But in their most honest moments, even conservatives cannot keep the malice at bay. In passing Florida’s gender-affirming care ban, for example, one of the legislators went on record and referred to trans people as “mutants” and “demons.”
But they’ll dismiss such comments as outliers as they continue to make the nonsensical case that their campaign is about protecting kids and parents’ rights to keep their kids safe from the existential threat of rainbows and pronouns. But that doesn’t make any sense, does it? How can it be about parents’ rights when they’re denying parents the right to make decisions about their trans kids’ health care?
The frenzy with which these laws have been packaged and passed tells a tale of a desperate effort to implement a Christian nationalist agenda through the systematic erasure of trans people from civic society.
We watched this summer as the Supreme Court embarked on its mission to rewrite the equal protection clause of the 14th Amendment so that it protects white people.

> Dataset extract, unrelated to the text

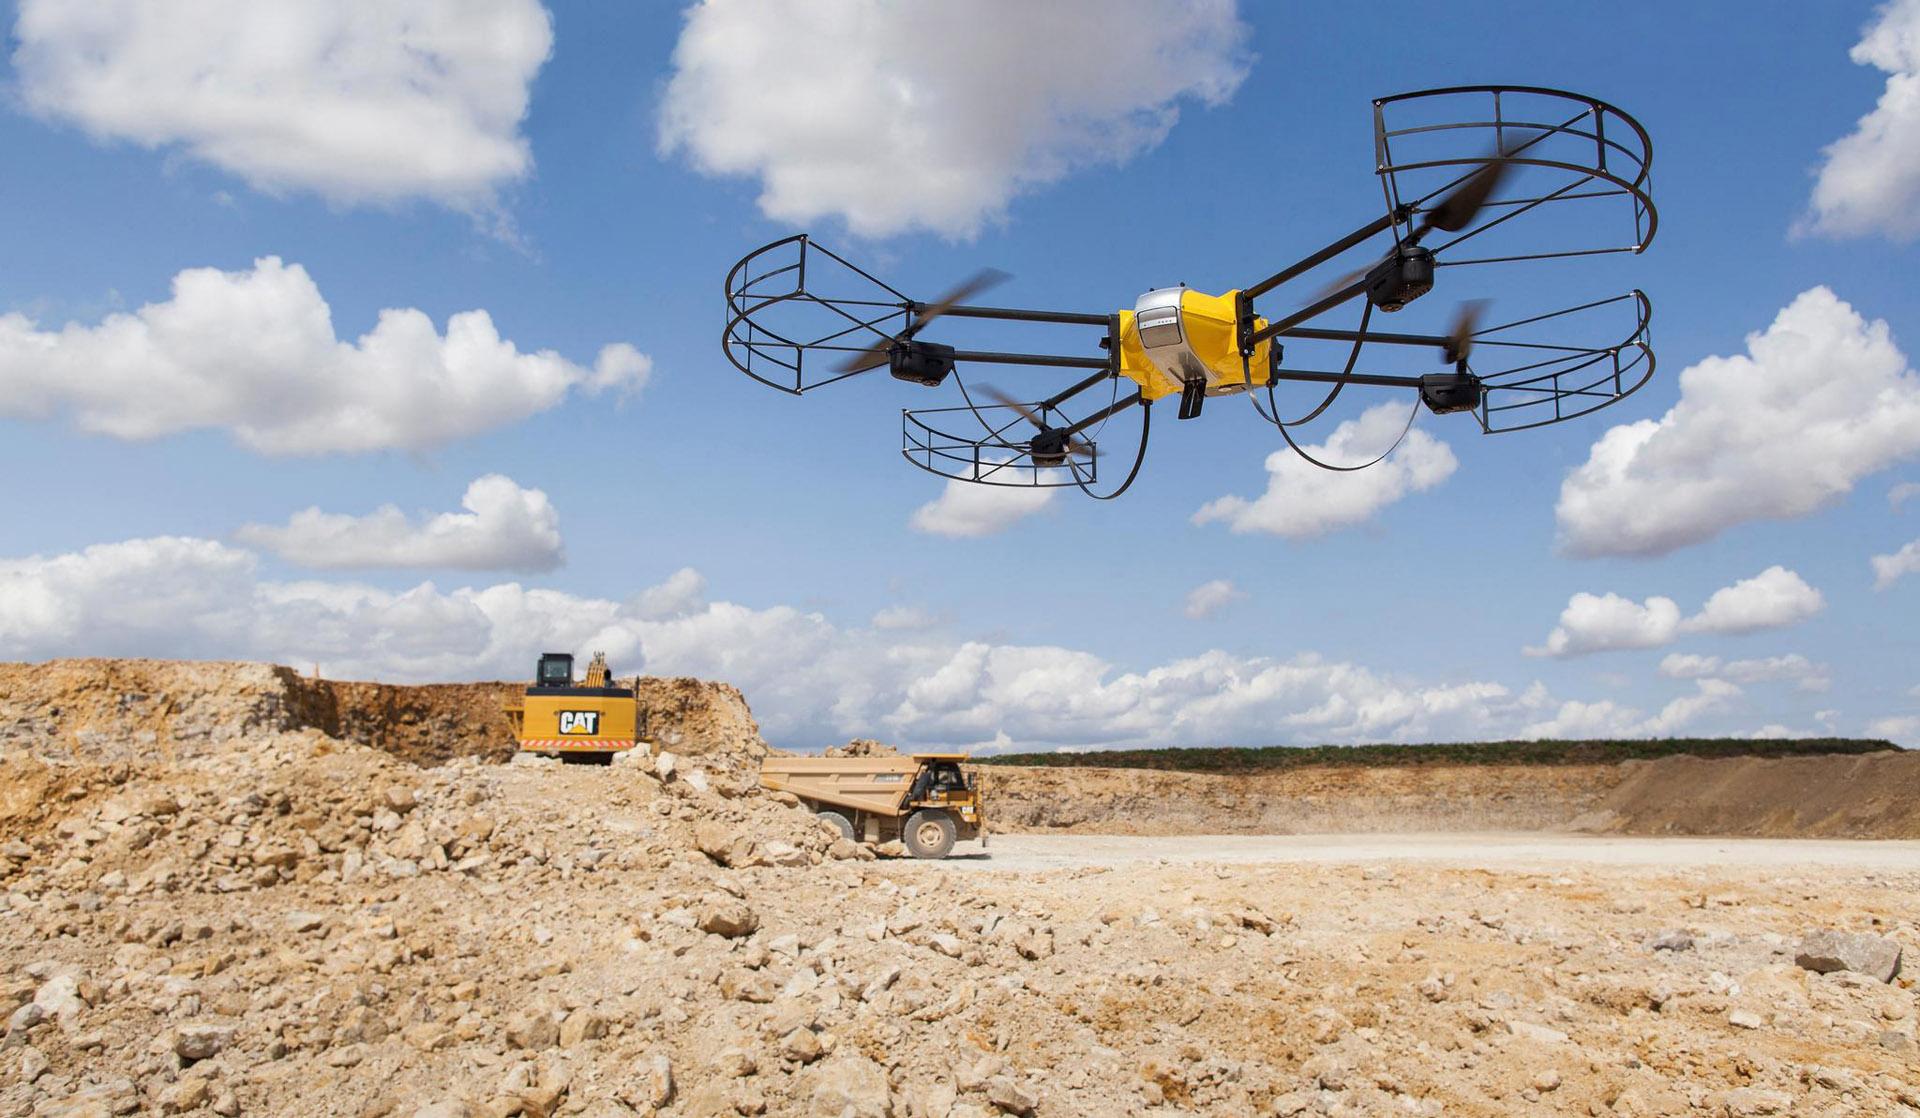 Drone U130 relevé carrière

Racial classifications, irrespective of context, are an anathema to our colorblind Constitution, it seems.
If their mission is successful, then the equal protection clause won’t protect anyone but white people. If the pro-Black amendment—the amendment intended to protect Black people and expanded to protect marginalized people—no longer protects the people it was intended to, it can’t protect trans people. That’s because there’s a difference between equality and equity. Equality demands that we ignore race. Equity demands that we take race into account in context on a case-by-case basis.
And equity would demand that we stop holding up racial discrimination as the lodestar of discrimination, thereby drawing attention away from other equally virulent forms of discrimination. Equity would demand that we dispatch concerns about quasi-suspect classes or suspect classes and look at discrimination against individual groups based on the context of that discrimination and the animus with which that discrimination is implemented. This kind of approach would demand that appellate courts and federal law protect transgender people.
Reva Siegel, a professor at Yale University School of Law has written the following:
It is now commonplace to condemn slavery and segregation—a rhetorical practice presumably intended to bind Americans ever more closely to principles of equality. But repeated condemnation of slavery and segregation may have just the opposite effect. We have demonized subordinating practices of the past to such a degree that condemning such practices may instead function to exonerate practices contested in the present, none of which look so unremittingly ‘evil’ by contrast.
Michael Gentithes, a professor at University of Akron School of Law, elucidates the point:
The equal protection clause should protect against discrimination based upon immutable characteristics regardless of whether any case involving such discrimination has previously been litigated or whether that particular form of discrimination has become prevalent only recently. In other words, the clause should respond to more than history; it must be strong enough to protect against novel forms of discrimination that may arise in the future.
The equal protection clause has to respond to the rabid anti-trans sentiment that has gripped the country and is starting to take hold, as evidenced by the Sixth Circuit’s ruling in July in L.W. v. Skrmetti that upheld Tennessee’s gender-affirming care ban. The ruling provides the precise legal arguments the Supreme Court could hang its proverbial hat on to uphold a gender-affirming care ban next term because, as Ian Millhiser wrote for Vox, the author of the opinion, Judge Jeffrey Sutton, isn’t an extremist; he’s a Republican’s Republican.
It wasn’t long ago that the country damn near revolted when North Carolina passed its trans bathroom ban. But that was before anti-trans bigotry became big business and before it became the lynchpin of the conservative movement. (It used to be abortion. But conservatives won that fight. Now? It’s trans people.) The NCAA threatened to pull games from the state and ultimately, the North Carolina Legislature backed down. That was 2017.
It’s six years later, and states are behaving as if the trans people they mostly ignored are some sort of national security threat. The amped up nature of the anti-trans attacks are palpable. And if the equal protection clause of the 14th Amendment cannot rise to meet this moment, then it is worthless.
CORRECTION: An earlier version of this story misspelled Michael Gentithes’ name.